Yesterday, Danny radically shortened and protected two pages, [[Newsmax.com]] and [[Christopher Ruddy]]. The protection summary was "POV qualms" (nothing else), and there was only the following brief comment on Talk:NewsMax.com:
"This article has been stubbed and protected pending resolution of POV issues. Danny 19:26, 17 April 2006 (UTC)"
There was no mention of WP:OFFICE in the edit summary or on the talk page. Danny did not apply the special Office template, {{office}}, nor did he use the "Dannyisme" account that he created for Foundation purposes, nor did he list the page on WP:OFFICE. Instead, he applied the regular {{protected}} template.

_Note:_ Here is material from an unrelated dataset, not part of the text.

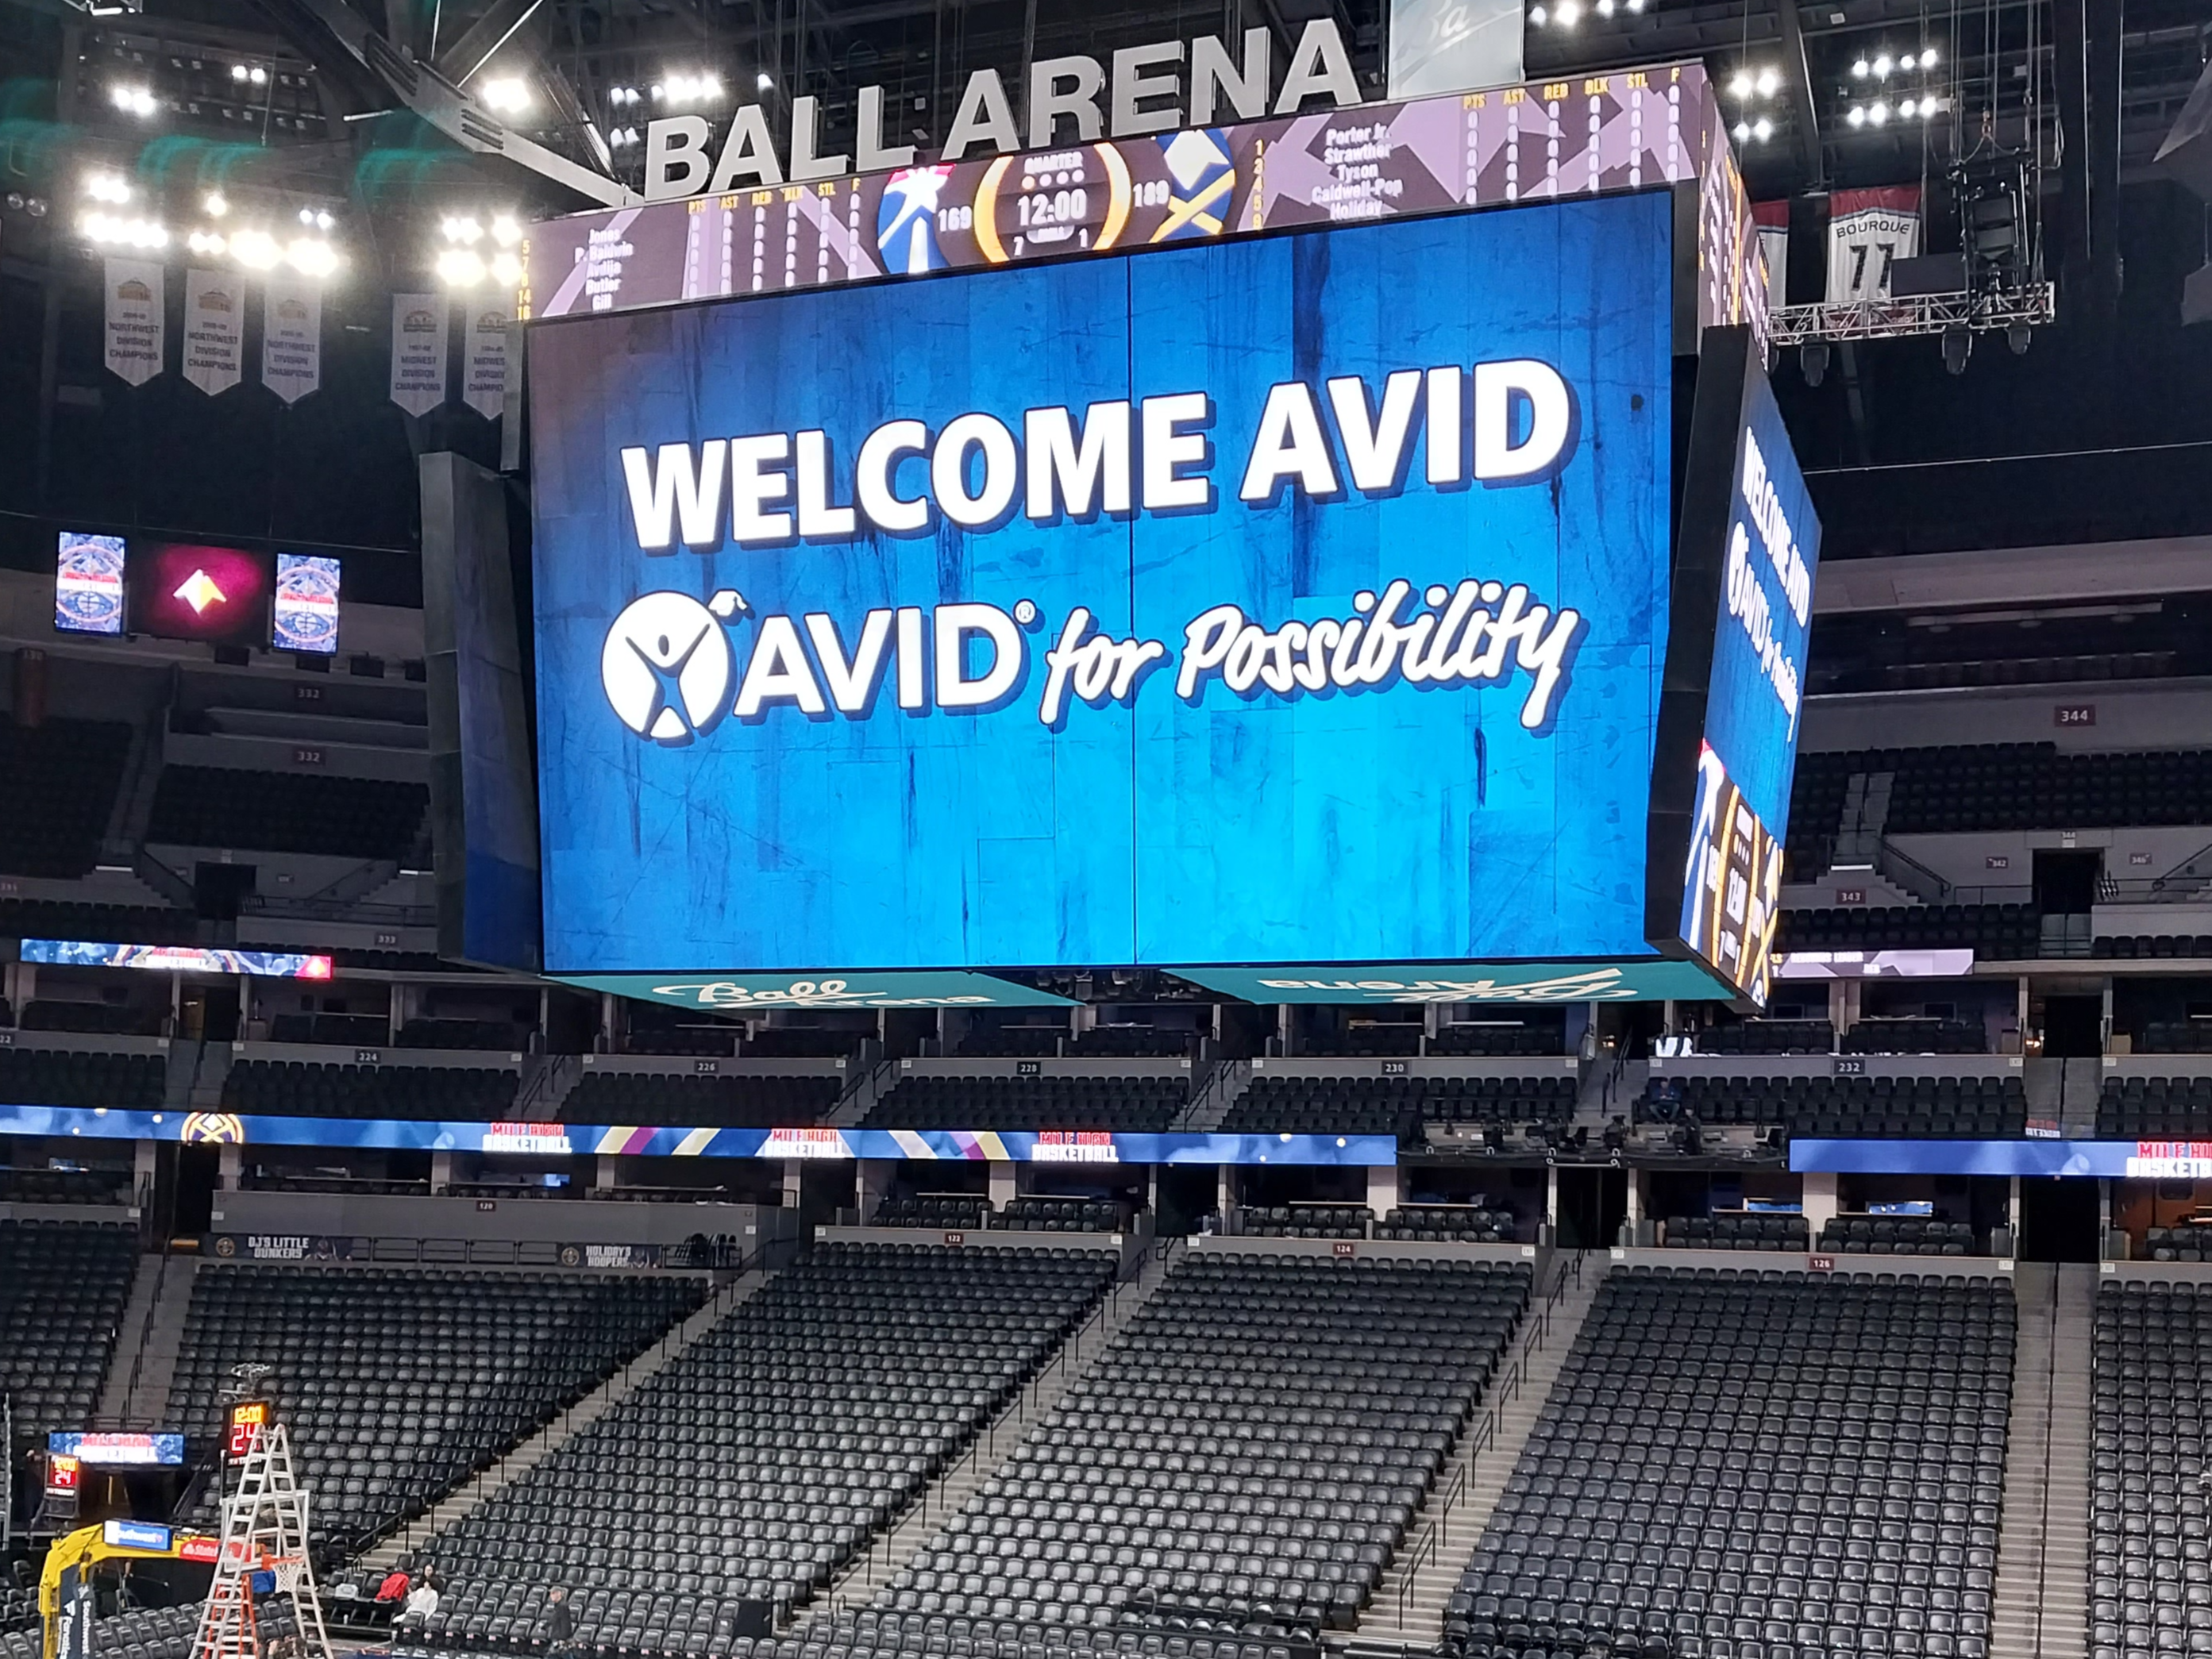 Big screen at Ball Arena welcoming AVID students from DPS

Given that Danny has now more explicitly emphasized this distinction between his role as a Foundation employee and a regular wiki user, I assumed he was acting here as a normal sysop and editor, and unprotected the two pages, with a brief reference to the protection policy. I also asked Danny, on [[Talk:NewsMax.com]], to make it explicit whether the protection was under WP:OFFICE. I would not have reprotected, of course, if he had simply said that they were, and left it at that.
I apologize if this action was perceived as "reckless", but I must emphasize that I was acting in good faith, and that I would much appreciate it if all office actions would be labeled as such. I was under the impression that this was the case given past actions. In any case, I think that the indefinite block and desysopping is very much an overreaction, and would like to hereby publicly appeal to Danny, the community and the Board (since Danny's authority is above the ArbCom) to restore my editing privileges as well as my sysop status. I pledge to be more careful in these matters in the future.
Thanks for reading,
Erik
-----BEGIN PGP SIGNED MESSAGE----- Hash: SHA1
Erik Moeller stated for the record:
<snip>
I have just been indefinitely blocked from the English Wikipedia, and desysopped, by user Danny, under the new nickname "Dannyisme", as an "Office Action" for alleged "reckless endangerment" which was not specified further. I have called Danny on the phone, but he said that he was not willing to discuss the issue, and that I should instead talk to the Foundation attorney instead. To my knowledge, this is the first time office authority has been used to indefinitely block and desysop a user.
<snip>
I have unblocked Eloquence on the English Wikipedia. Blocking him was clearly inappropriate. Blocking him indefinitely was astoundingly stupid. Desysopping is equally insane, but resysopping him can wait for the wheels to grind.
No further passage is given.